*REQUIRED ACTION*. Every picture is to be removed, and all the data is to be copied exactly.

*RECORDED DATA*.

● ● ●

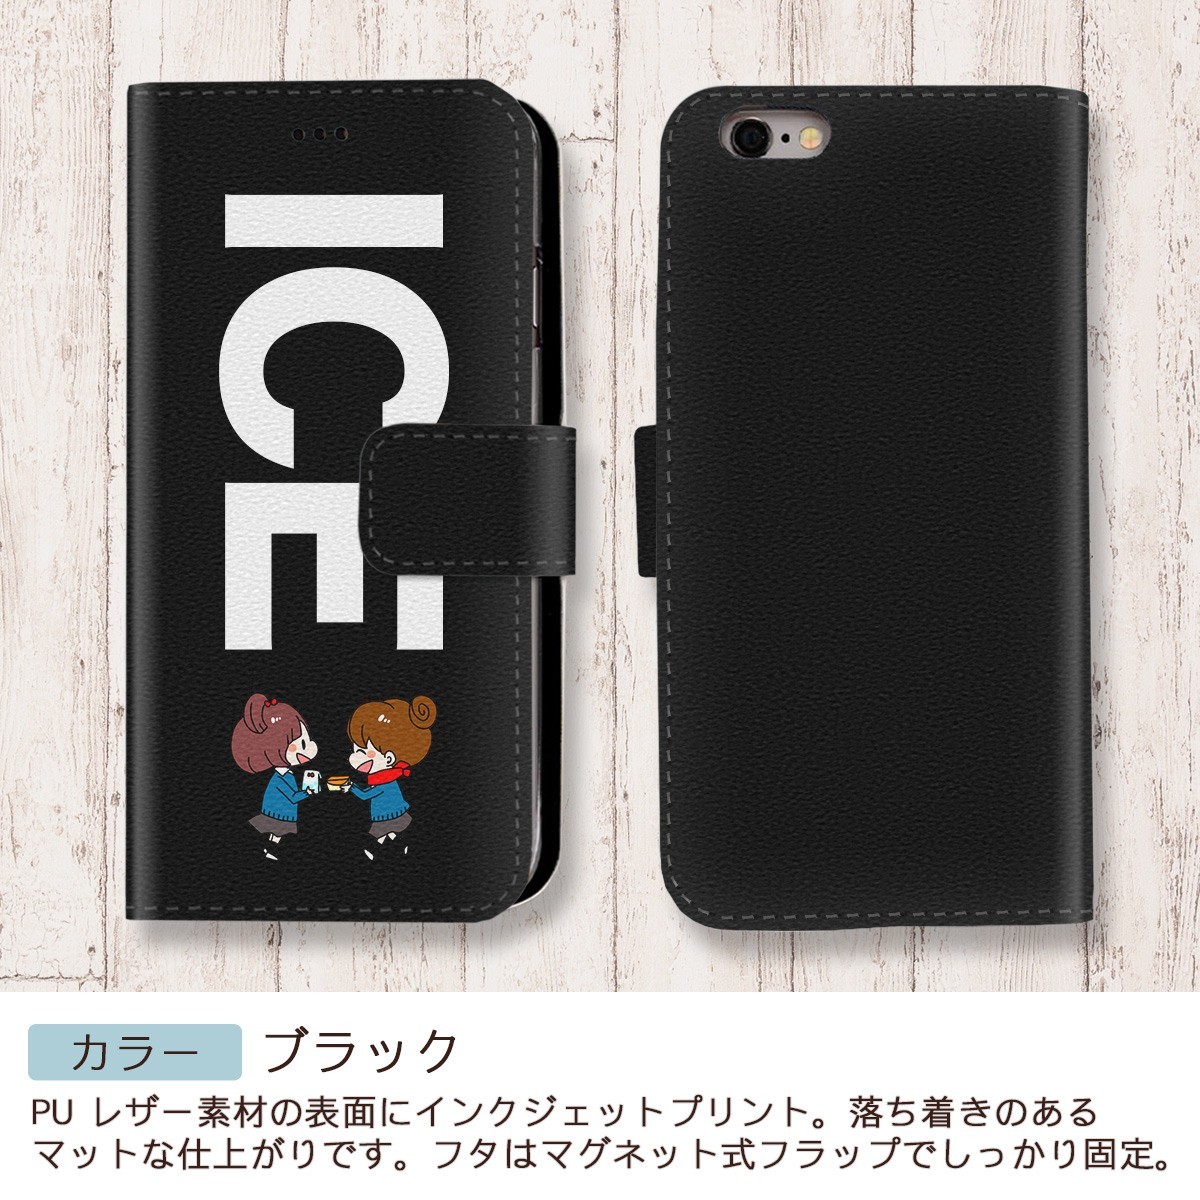 . chocolate interesting X XS case case iPhone X iPhone XS case notebook type iPhone lovely handsome men's lady's 
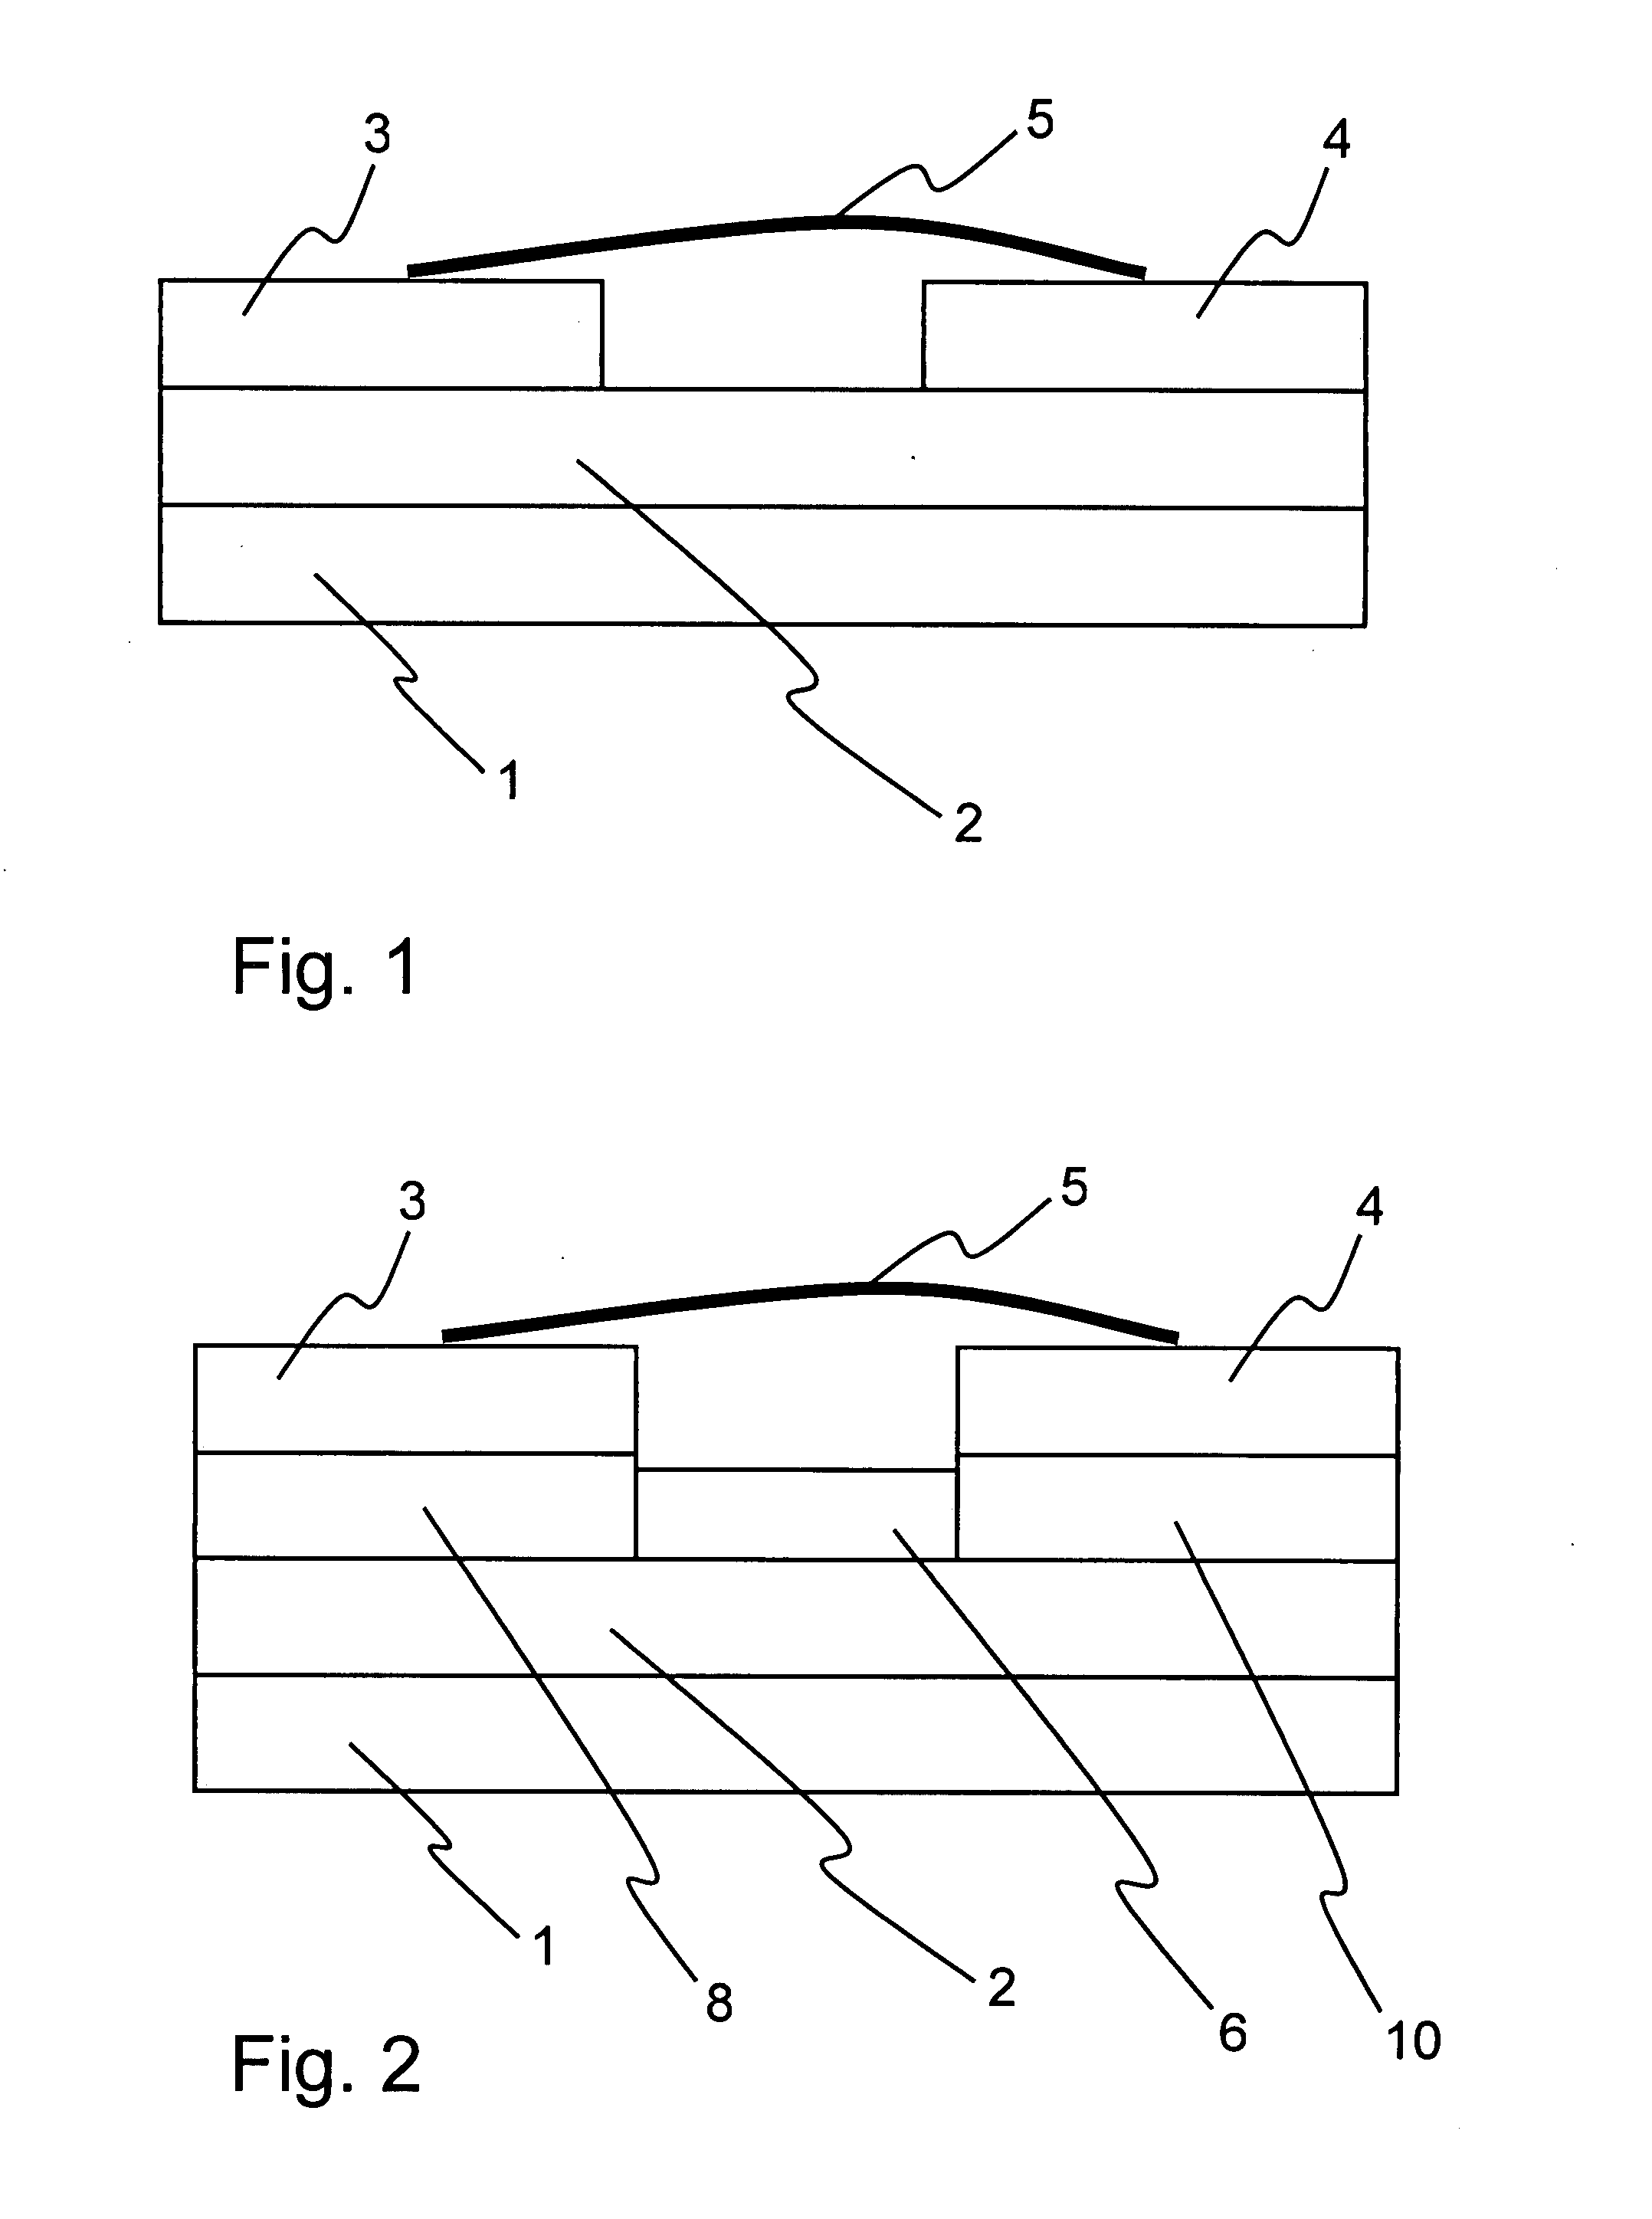 Carbon nanotube field effect transistor and method of making thereof
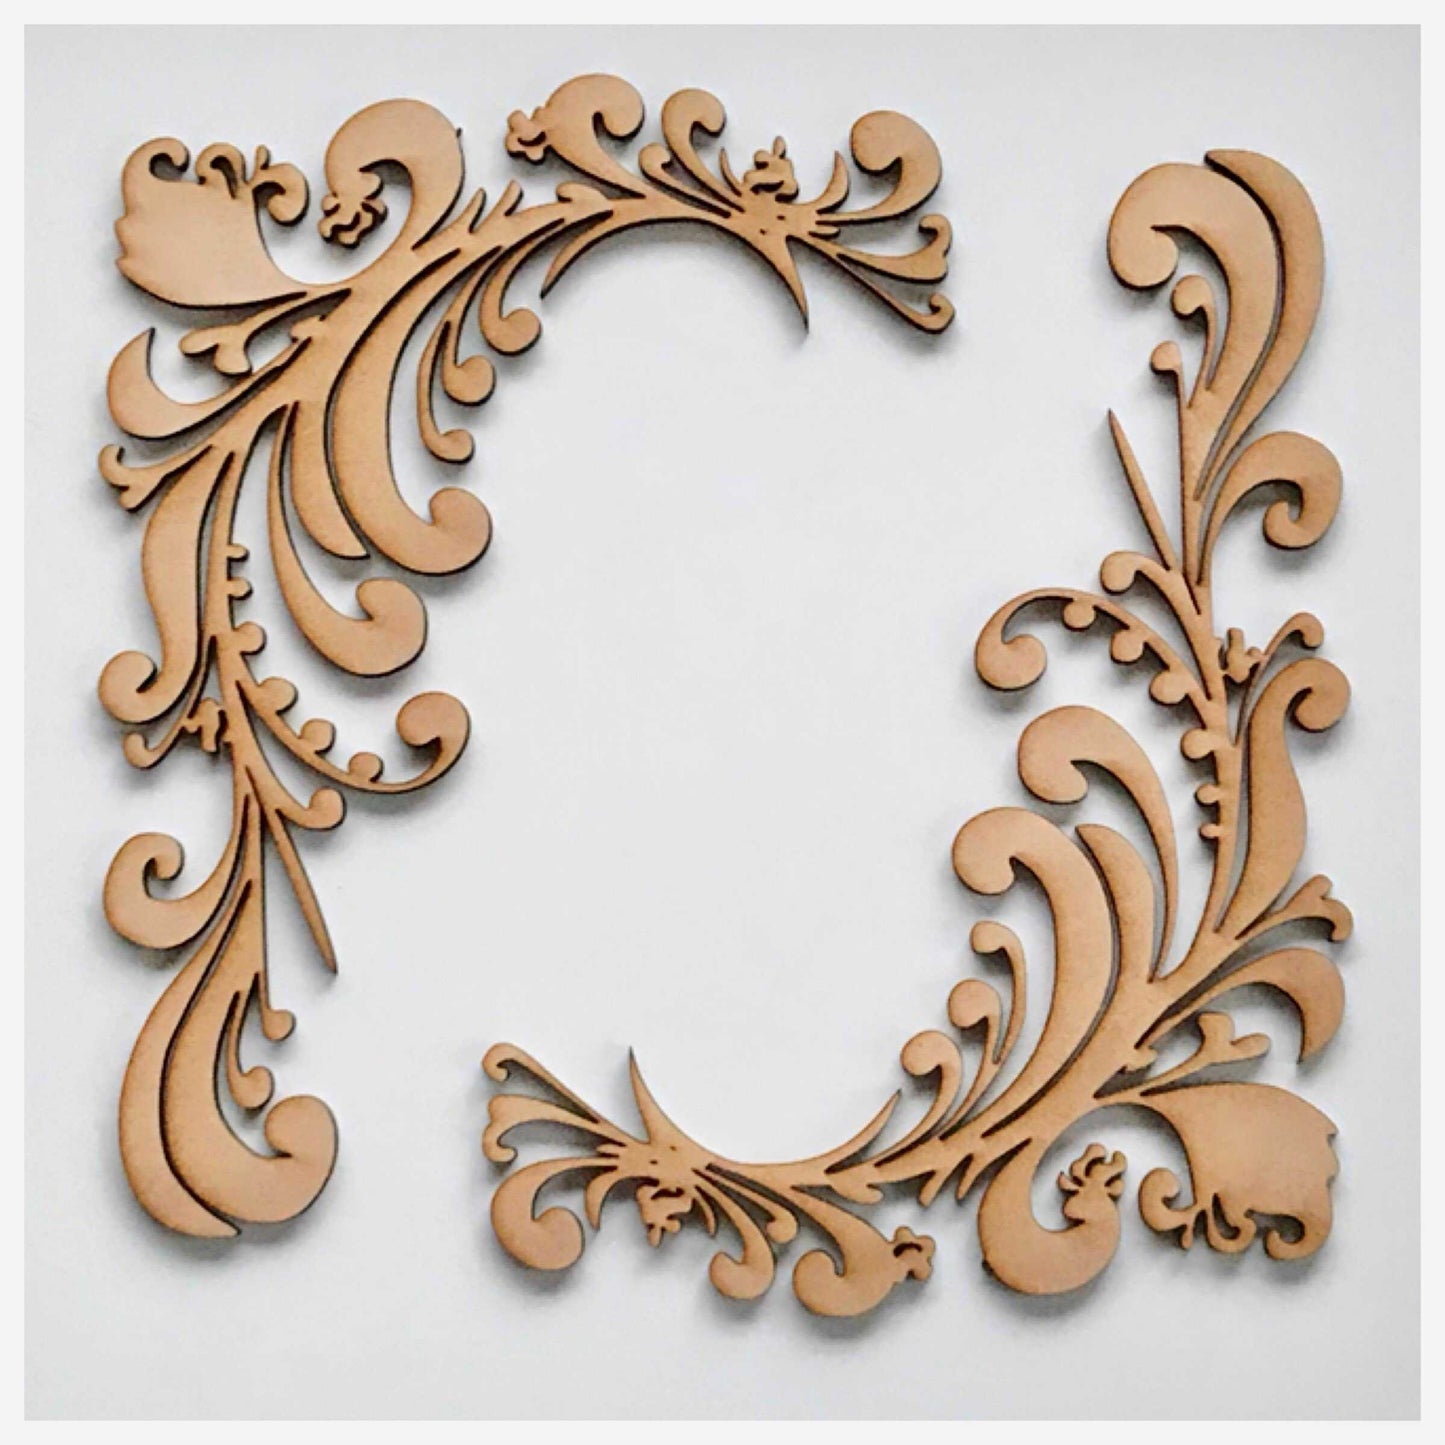 Decorative French Scroll Border MDF Wooden
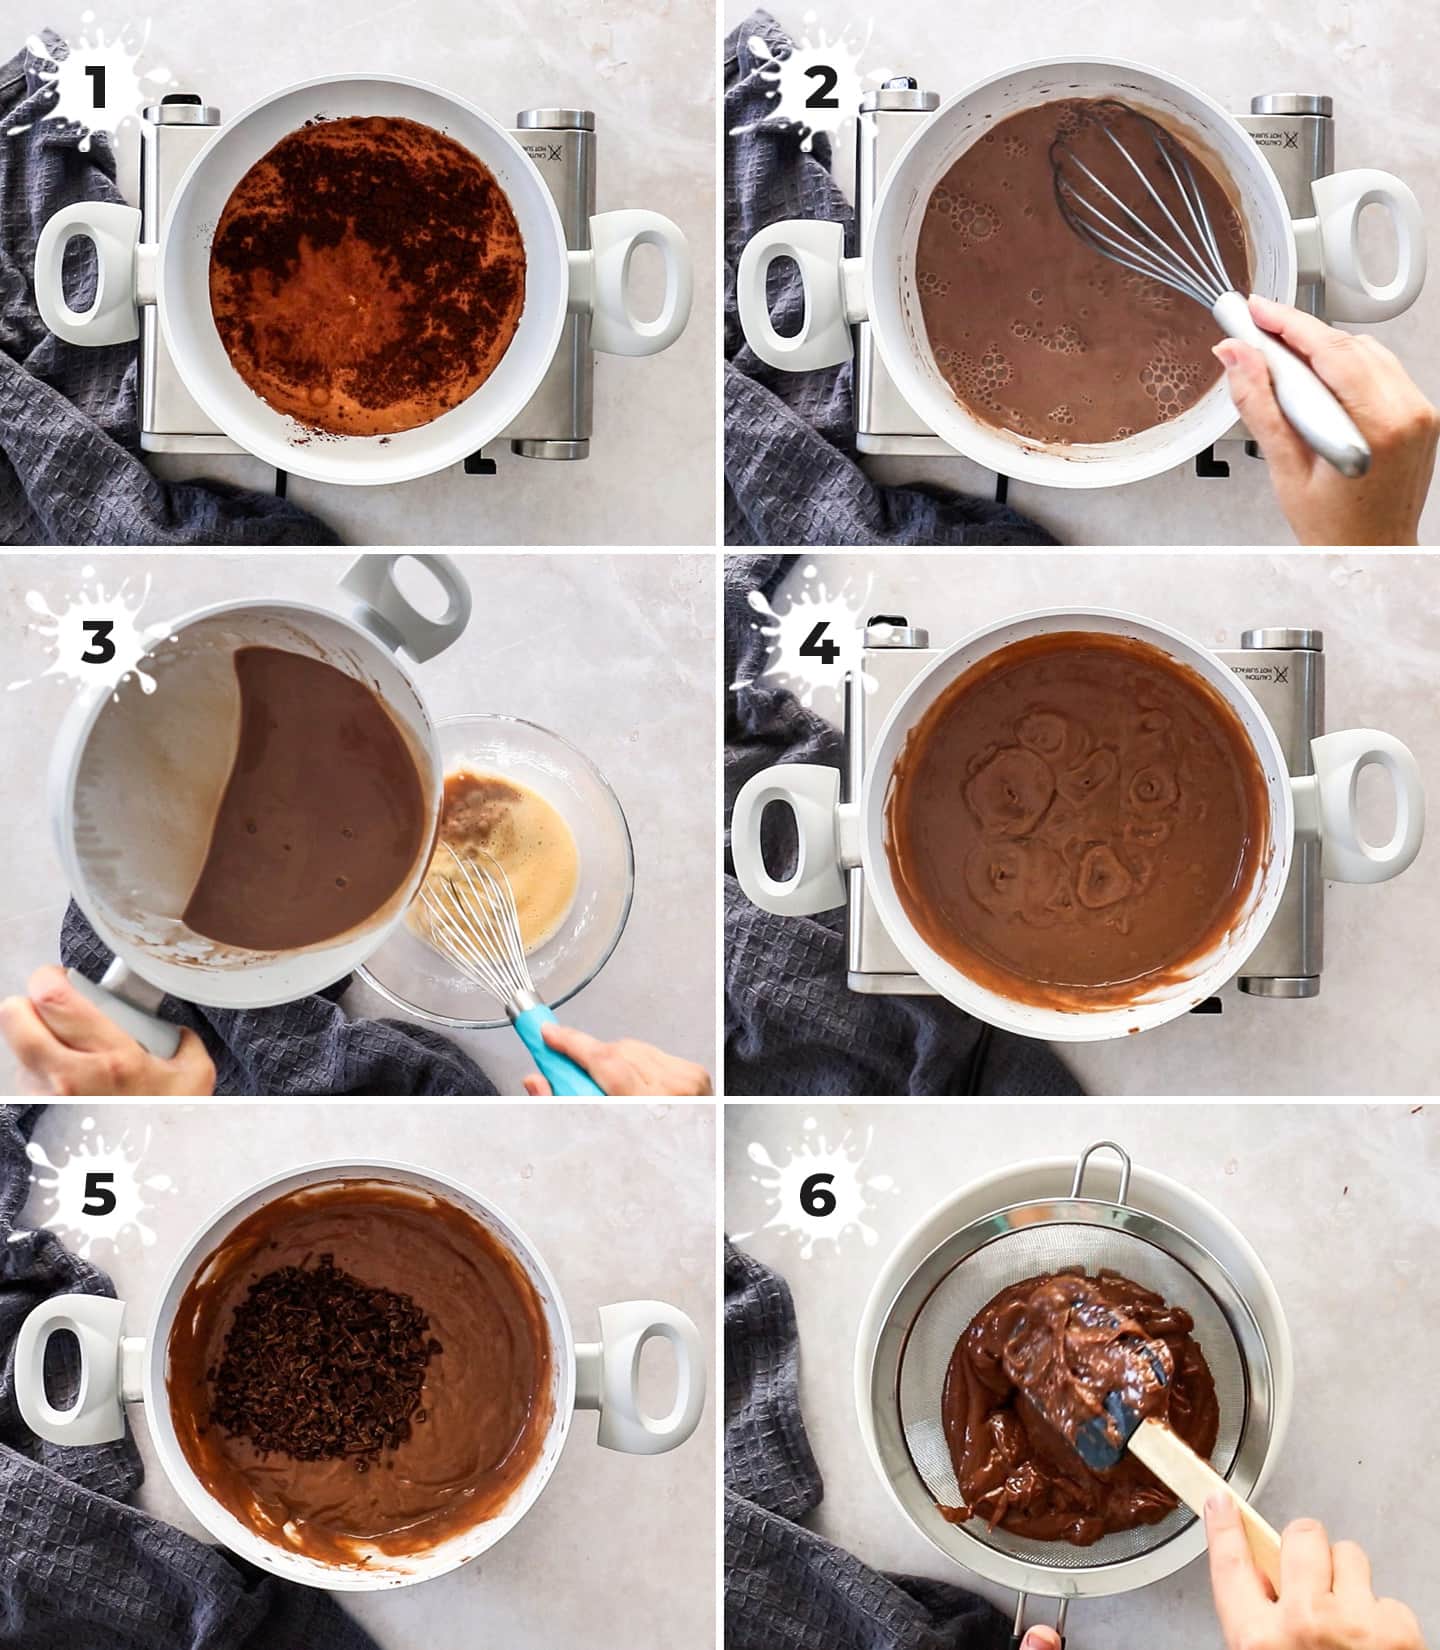 A collage of 6 images showing how to make chocolate pastry cream.

● ● ●

*WRITTEN ANSWER*.
 . chocolate interesting X XS case case iPhone X iPhone XS case notebook type iPhone lovely handsome men's lady's 
 Carbon nanotube field effect transistor and method of making thereof
 Decorative French Scroll Border MDF Wooden
 A collage of 6 images showing how to make chocolate pastry cream.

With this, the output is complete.